Stephen Zsigray, president and CEO of the Dallas-based real estate investment trust, told investors during a third-quarter earnings call Wednesday he was pleased with the REIT's financial performance in a quarter hit by "headwinds that pressured margins industry wide."
The REIT reported a net loss of $69 million for the quarter ending Sept. 30. Comparable revenue per available room for its now 70-hotel portfolio decreased 1.5% to $128 during the period.
Room nights tied to government travel were down 18% in Ashford Trust's hotel portfolio for the quarter. About 14% of the portfolio's key count is in the Washington, D.C., market, executives told investors during the earnings call without citing why their government business is down. By excluding the D.C. market from the results, executives said the portfolio's group room business was down only 30 basis points.
Ashford Trust continued its ongoing efforts to deleverage its real estate portfolio. In the third quarter, the REIT parted with two of its non-core assets: the Hilton Houston NASA Clear Lake and the Residence Inn Evansville East in Evansville, Indiana.
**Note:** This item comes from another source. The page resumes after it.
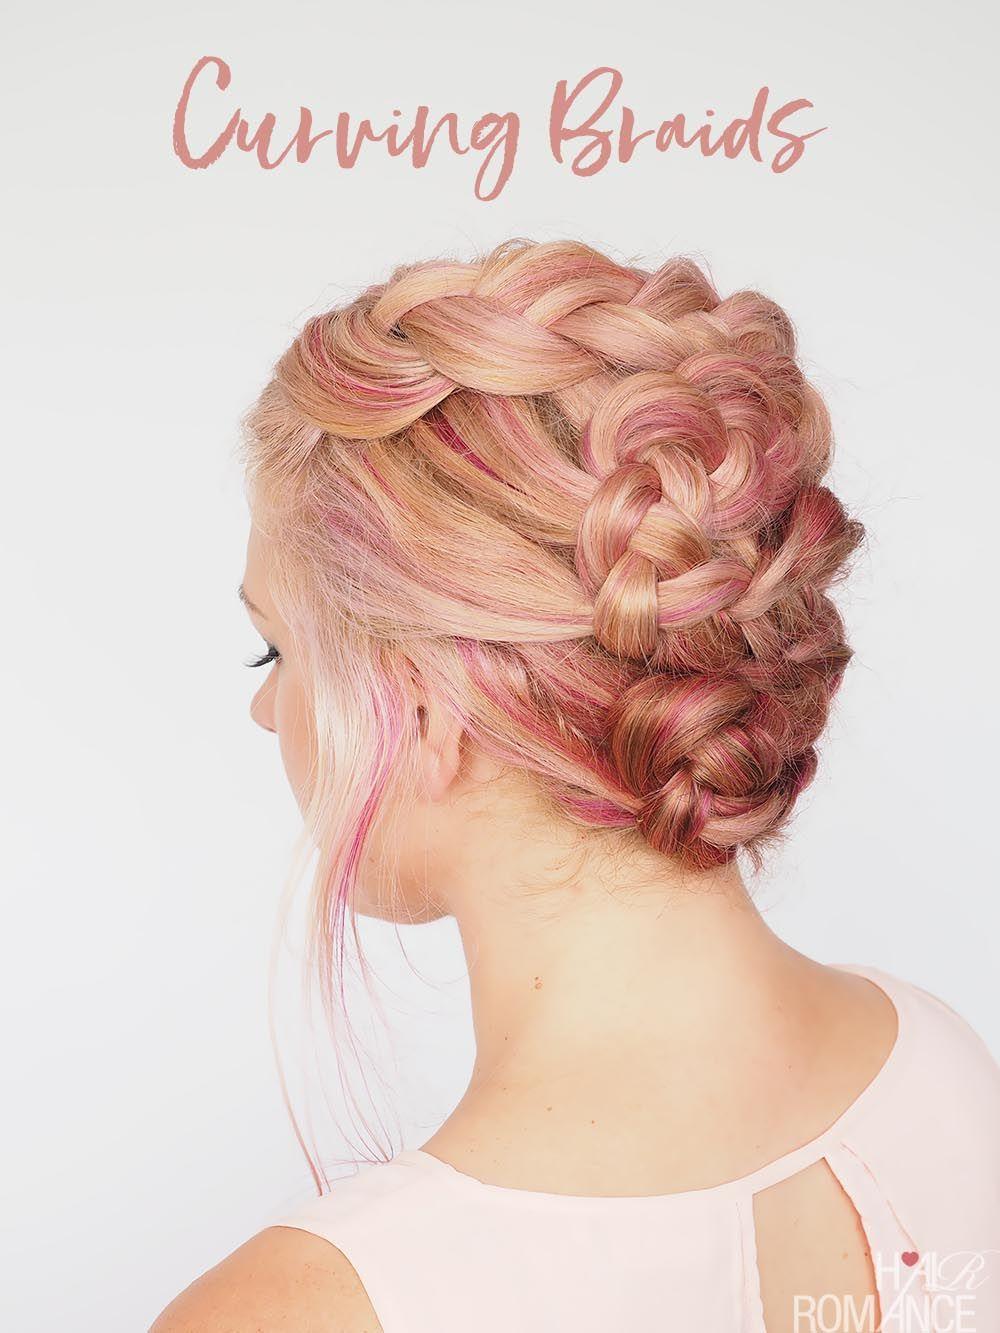 S curve braid tutorial a pretty braided upstyle hairstyles we

The Houston-area hotel sold for $27 million and the Evansville property traded for $6 million, the REIT said. Most of the proceeds were used to pay down debt, Zsigray said.
In October, Ashford completed the sale of the Residence Inn San Diego Sorrento Mesa for $42 million, or $280,000 per key.
"We see meaningful potential for additional opportunistic asset sales that will further strengthen and transform our company," Zsigray said. Ashford Trust currently has eight hotels on the market and another two off-market hotels that have potential buyers doing their due diligence, Zsigray said.
"We've identified more potential asset sales," he said, adding the REIT "may not ultimately transact on these" deals. He did not disclose the hotels being marketed both on- and off-market.
In the third quarter, Ashford Trust also extended its Highland mortgage loan secured by 18 hotels by paying the loan down to its current balance of $733.6 million, or about 68% of the appraised value of the properties. The new maturity date is Jan. 9, 2026, with a six-month extension option, subject to certain conditions, until July 9, 2026.
In all, the REIT has $2.6 billion of total loans with a blended average interest rate of 8%. About 5% of its consolidated debt is fixed with the remainder being floating-rate debt.
Some of Ashford's markets, including Atlanta and Dallas, outperformed their peers. The Ritz-Carlton Atlanta hotel saw a 13% increase in earnings before interest, taxes, depreciation and amortization during the quarter. An Embassy Suites hotel near the Galleria in Dallas that is being marketed as part of a three-hotel portfolio also outperformed in the quarter, executives said, with a 22.5% growth in earnings before interest, taxes, depreciation and amortization.